## Work order
When you transcribe the lines below, keep every word the same and leave the pictures behind.

======== Data extract ========

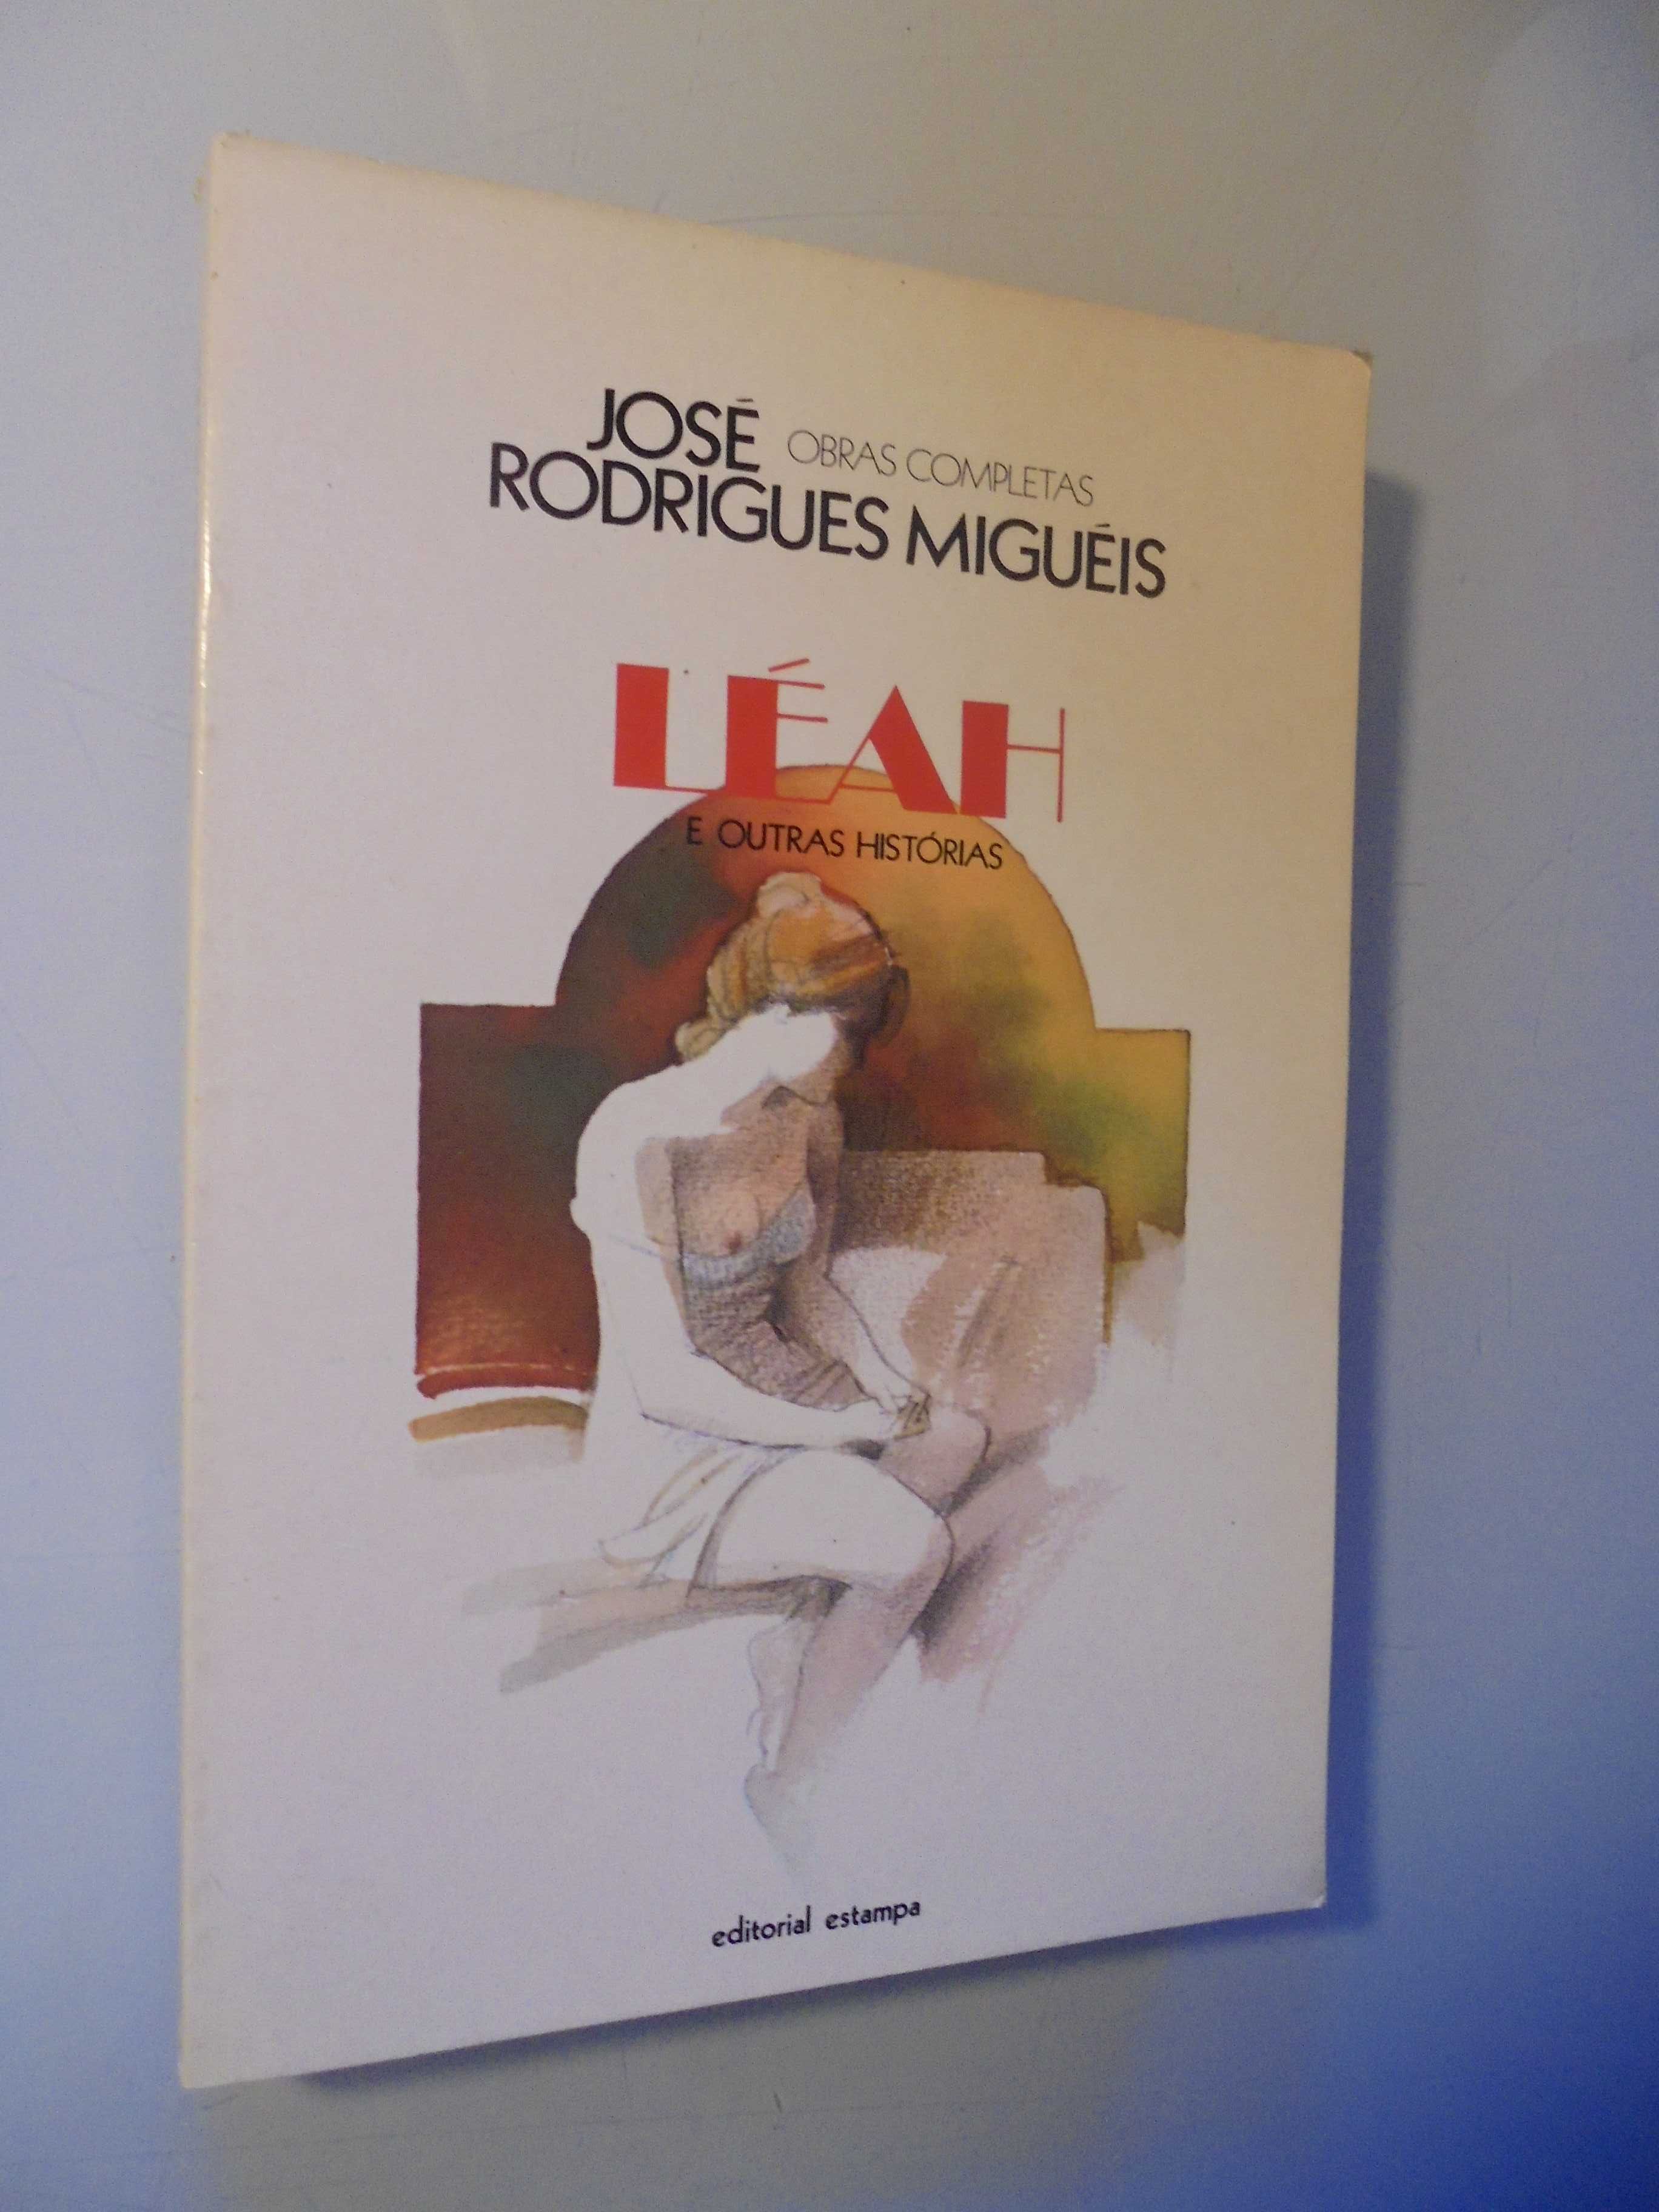 Migueis (José Rodrigues);Léah e outras Histórias
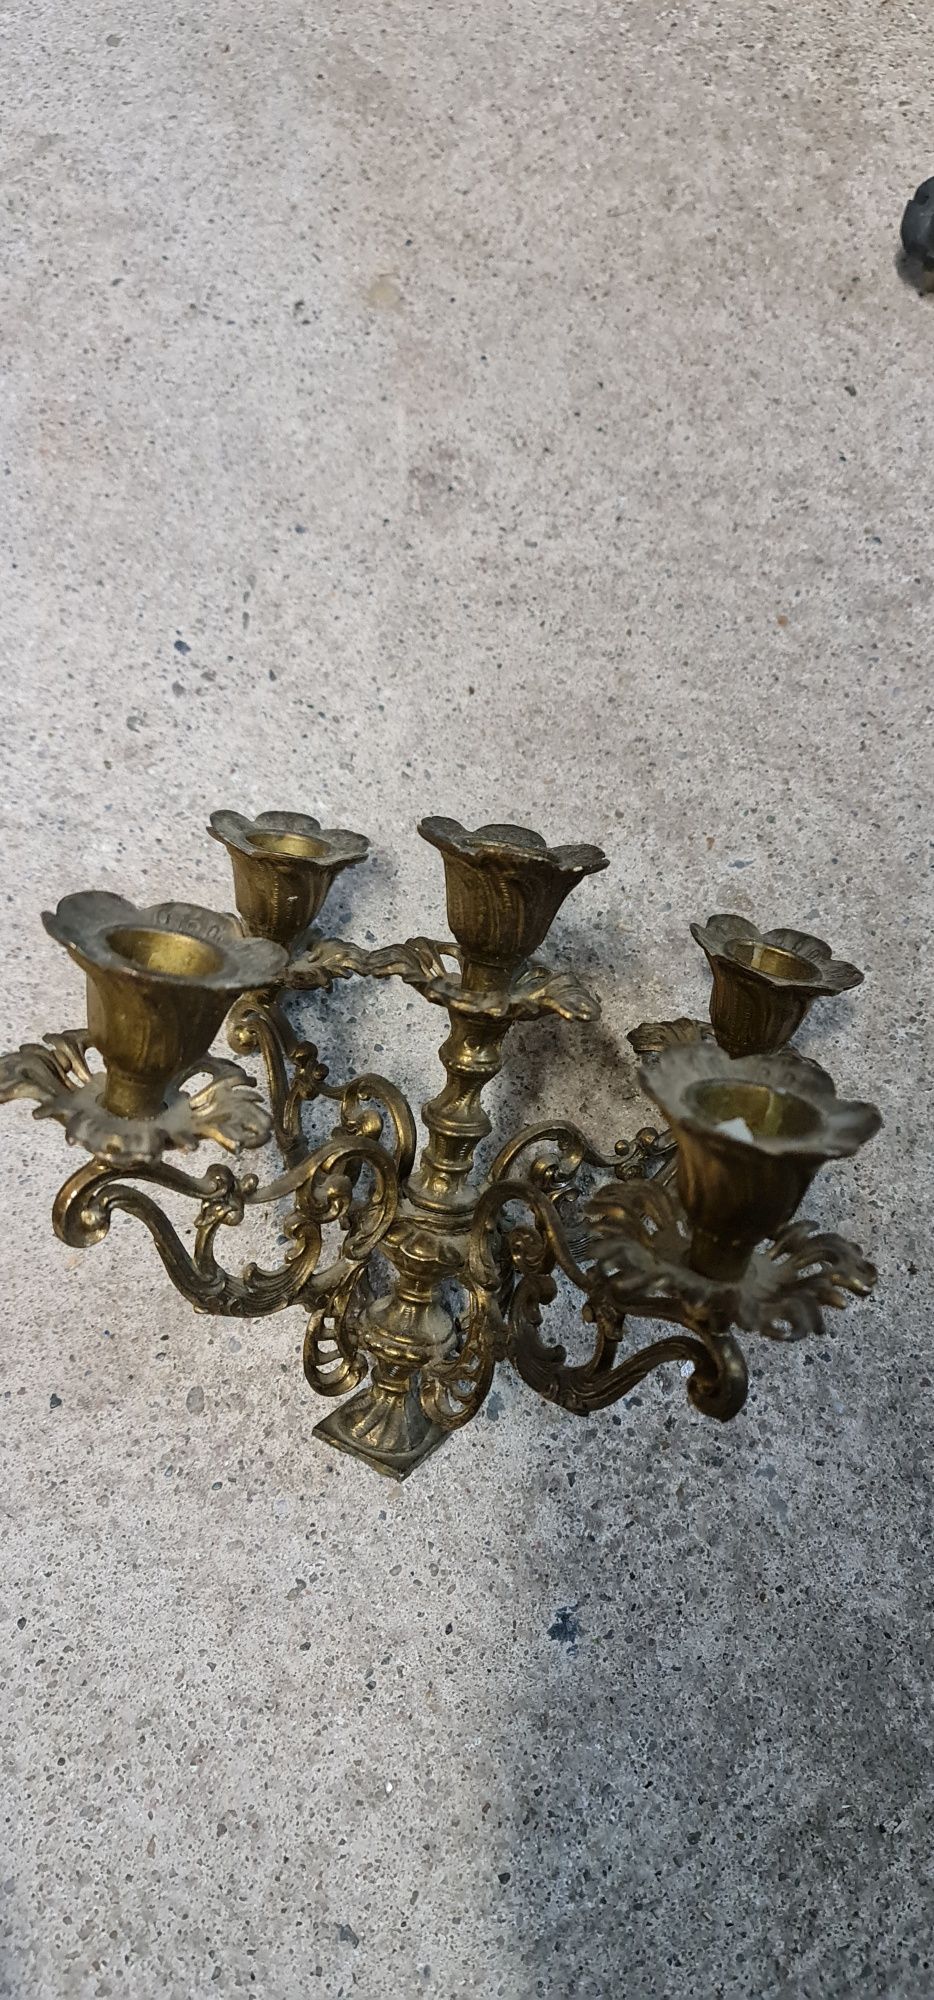 Pahet de obiecte vechi sfesnic in maniera Louis XV cu doua brate

bron
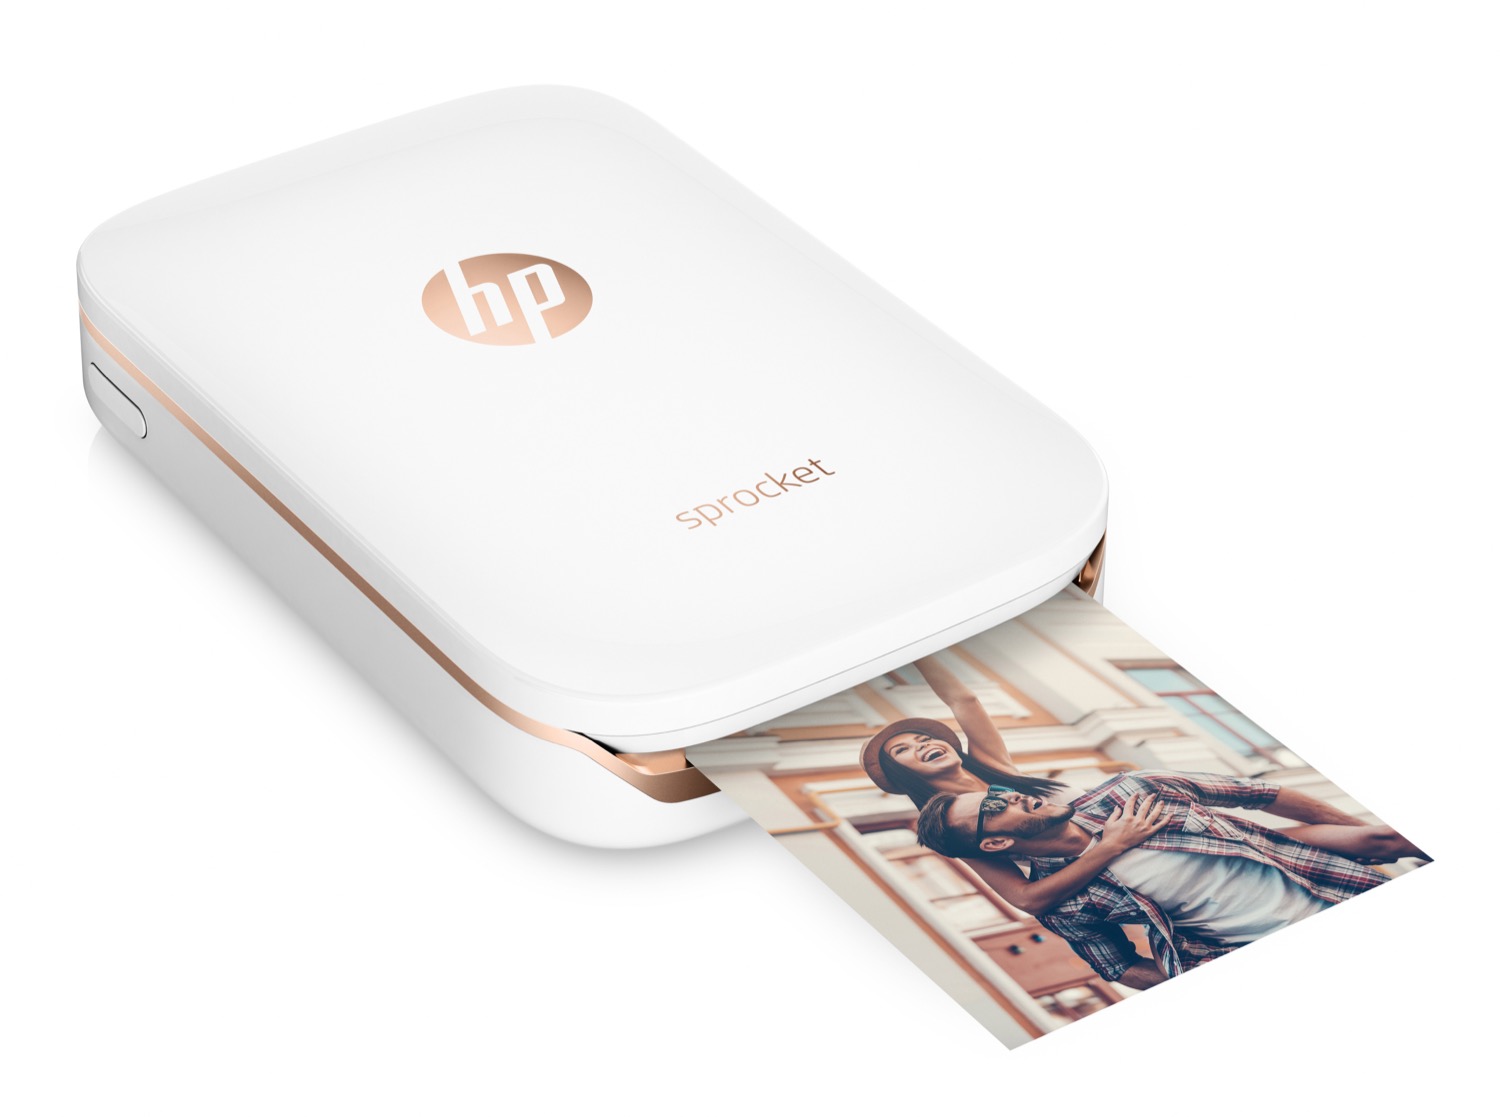 Recensione HP Sprocket, in prova la stampa tasca per tutti

========

## Problem solution
 Migueis (José Rodrigues);Léah e outras Histórias
 Pahet de obiecte vechi sfesnic in maniera Louis XV cu doua brate

bron
 Recensione HP Sprocket, in prova la stampa tasca per tutti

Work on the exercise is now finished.